I thought this was an interesting proposition and brought it to the table at a recent C&C meeting. My first thought was unless you’re a massively successful business owner, how can you possibly control your colleagues? Yes, the comment was made to budding entrepreneurs and small business owners, like myself, but even I don’t have that luxury. Though I work very hard to control my environment and surround myself with like minded people, I can’t always control things like who comes on assignments, who I travel with and if the guy who prints all of my materials is the best in the biz but has a major attitude, I gotta deal.
“It’s a common problem — a 2012 study of more than 1,000 U.S. office workers by Wakefield Research found that around half of respondents cite trouble working with difficult colleagues, from know-it-alls to whiners to constant complainers. It’s hard to like people like that, especially if you’re sitting next to them for 8 hours a day.”
After more discussion we also realized how much potential growth & actual learning comes from working with people who you don’t instantly align. I can’t tell you how many times I’ve had an impression of someone and then I’ve worked with them more closely and have discovered how much I actually like them. I’ve also learned many things about myself from tough work relationships like, what my limits are, how to set boundaries and am slowly learning how to say the ever difficult ‘no’.
So though at first blush, I would have agreed that I only want to work with people I love, working with friends can be equally challenging. The reality is working with anyone can be trying, it’s work!
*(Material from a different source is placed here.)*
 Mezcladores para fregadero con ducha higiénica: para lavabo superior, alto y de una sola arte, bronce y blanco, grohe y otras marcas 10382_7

In an effort to not look at these problems as unresolvable I’ve scoured the web and some business books I have handy and came up with some ways to help manage difficult relationships:
1. Focus on the positive, how does the person contribute to the team in a helpful way? Remind yourself of that every time you hear nails on a chalkboard instead of their voice as they talk.
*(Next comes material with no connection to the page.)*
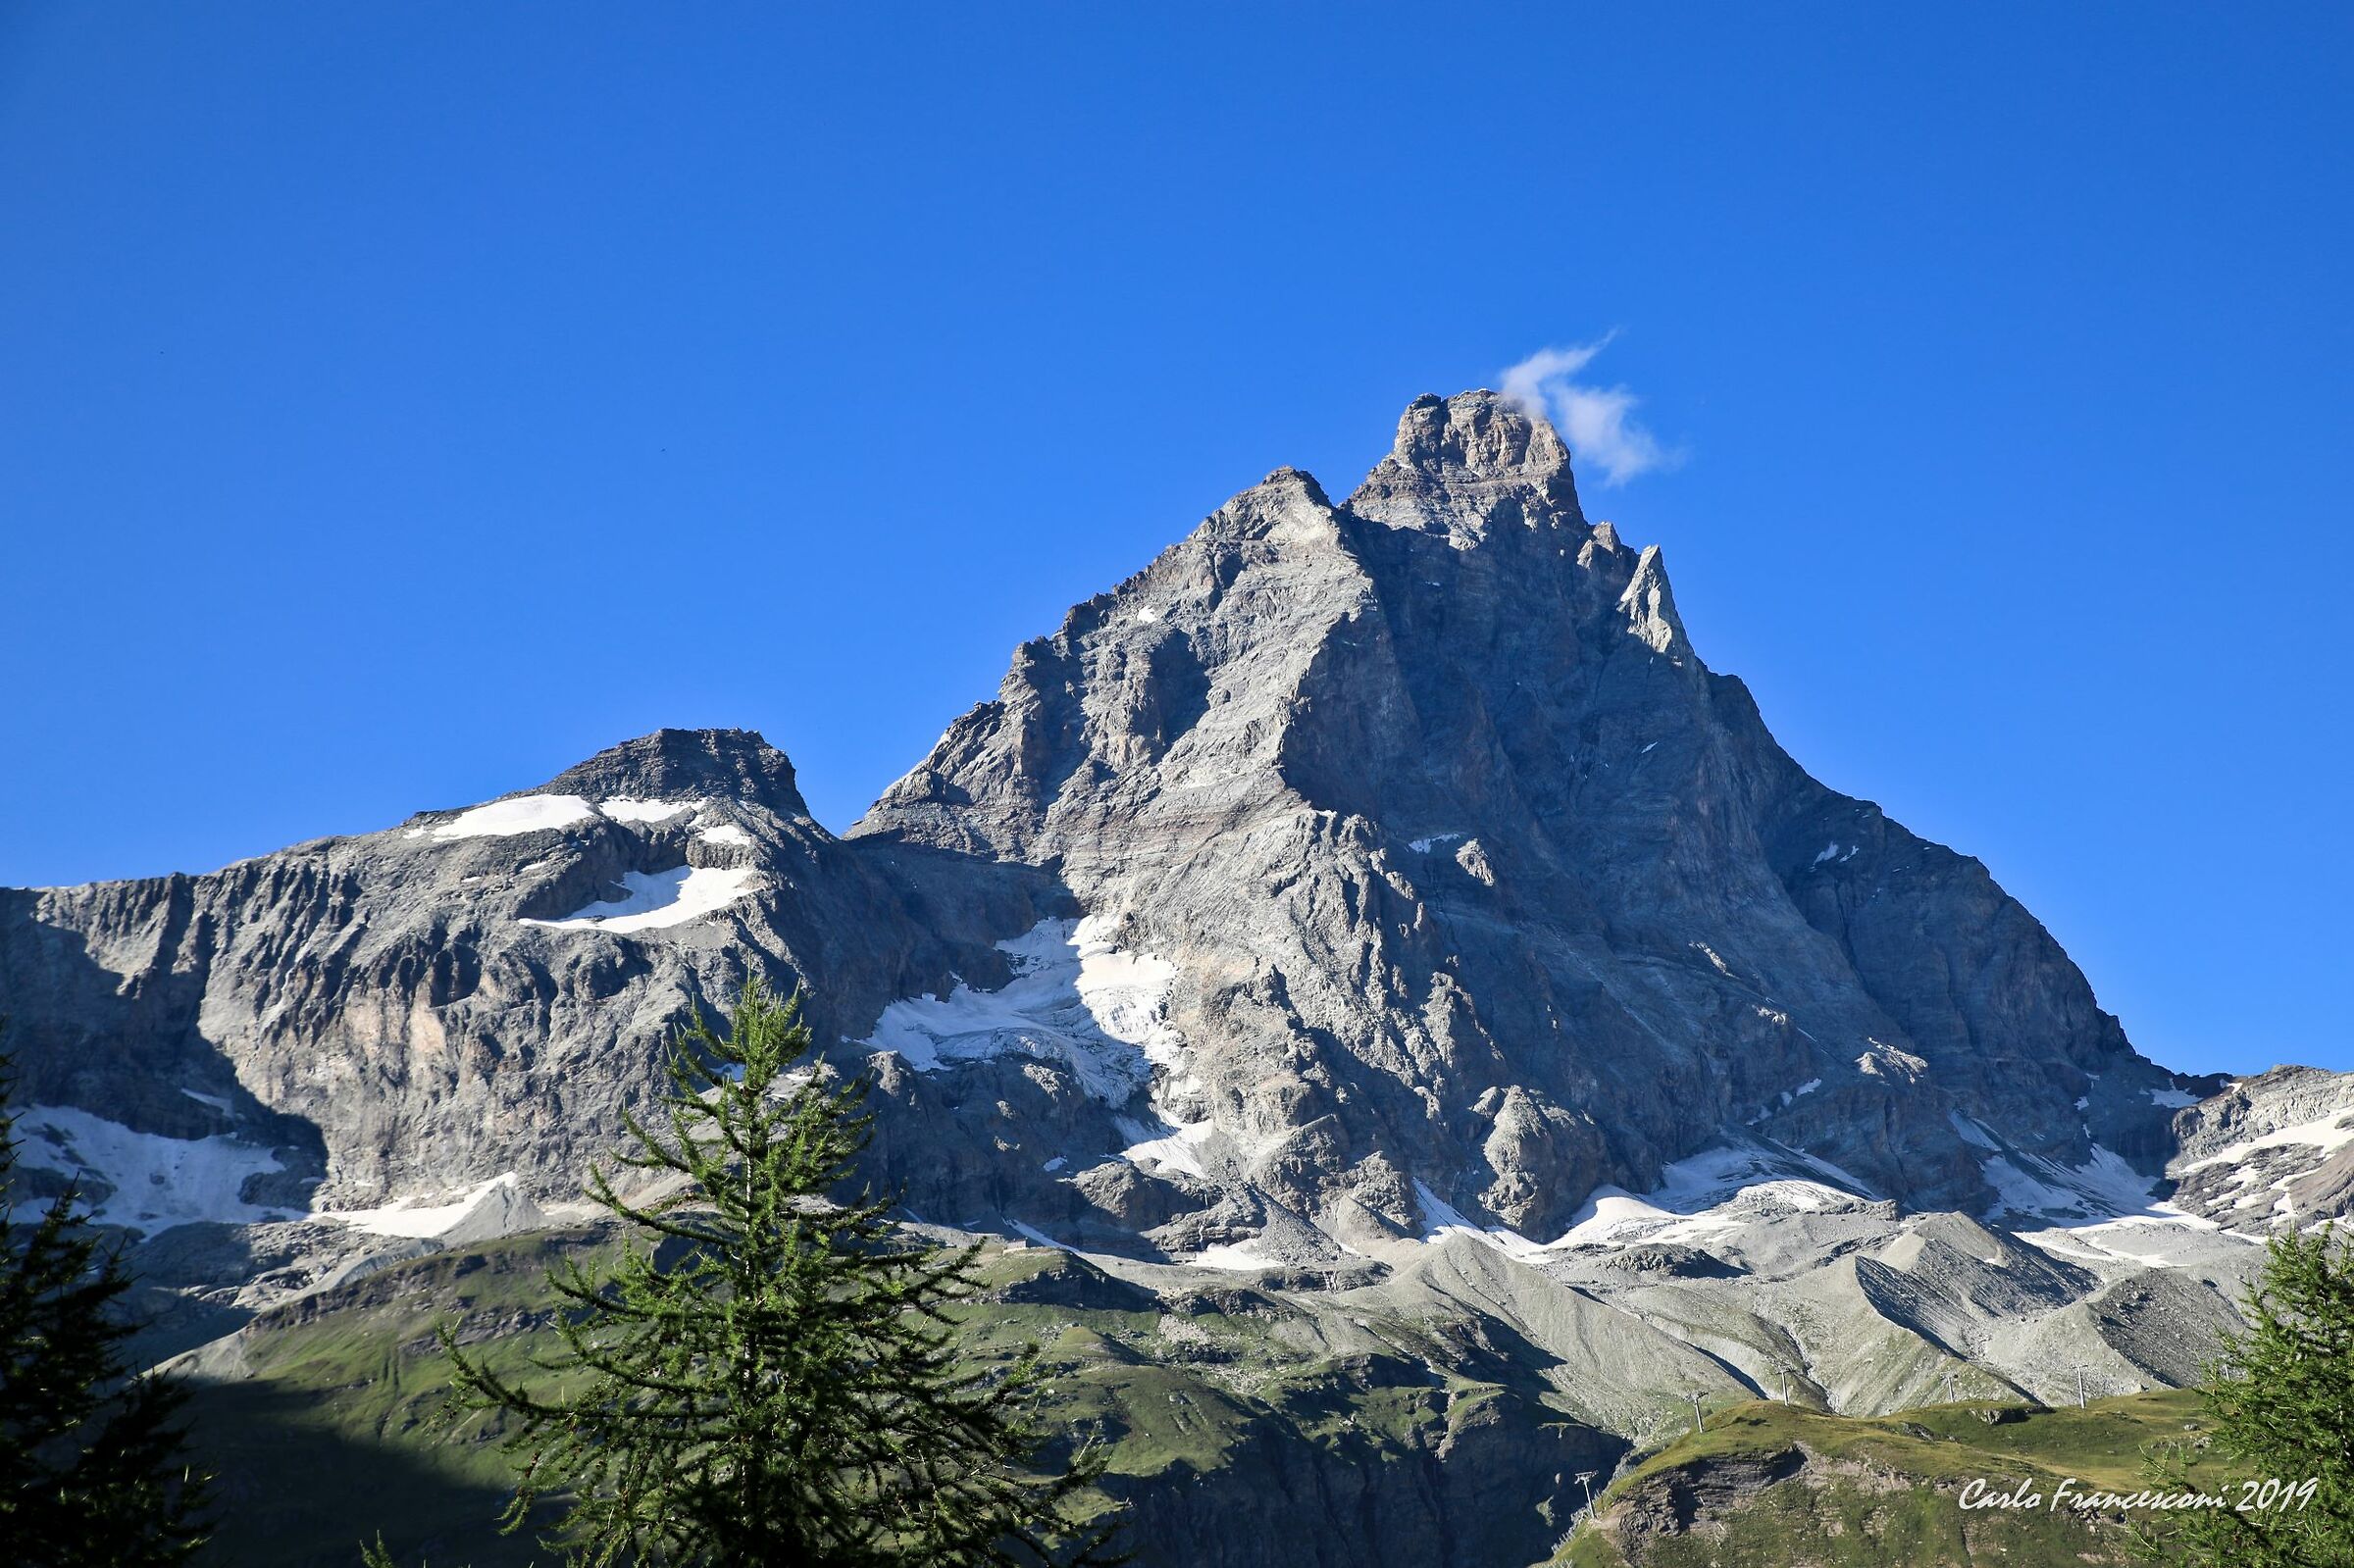 The Matterhorn - no snow...

2. Don’t take it personally. I know this can be super tricky but business is business and it’s not the place to hold petty grudges.
3. Rely on logic rather than emotion. By trying to see the whole picture rather than focusing on the minutia (like them cutting you off in the last meeting) you’re in a stronger position.
4. Avoid talking about them with other colleagues. Gossip sucks, no matter how true you think it may be and all it does is adds fuel to the potential burning fire between you and your nemesis….
5. Your opinions are subjective and it’s pretty unprofessional and childish to let those get in the way of your success. If your growth in your field depends on you being a team player and getting the job done, get it done.
What about you? Can you only work with people you like?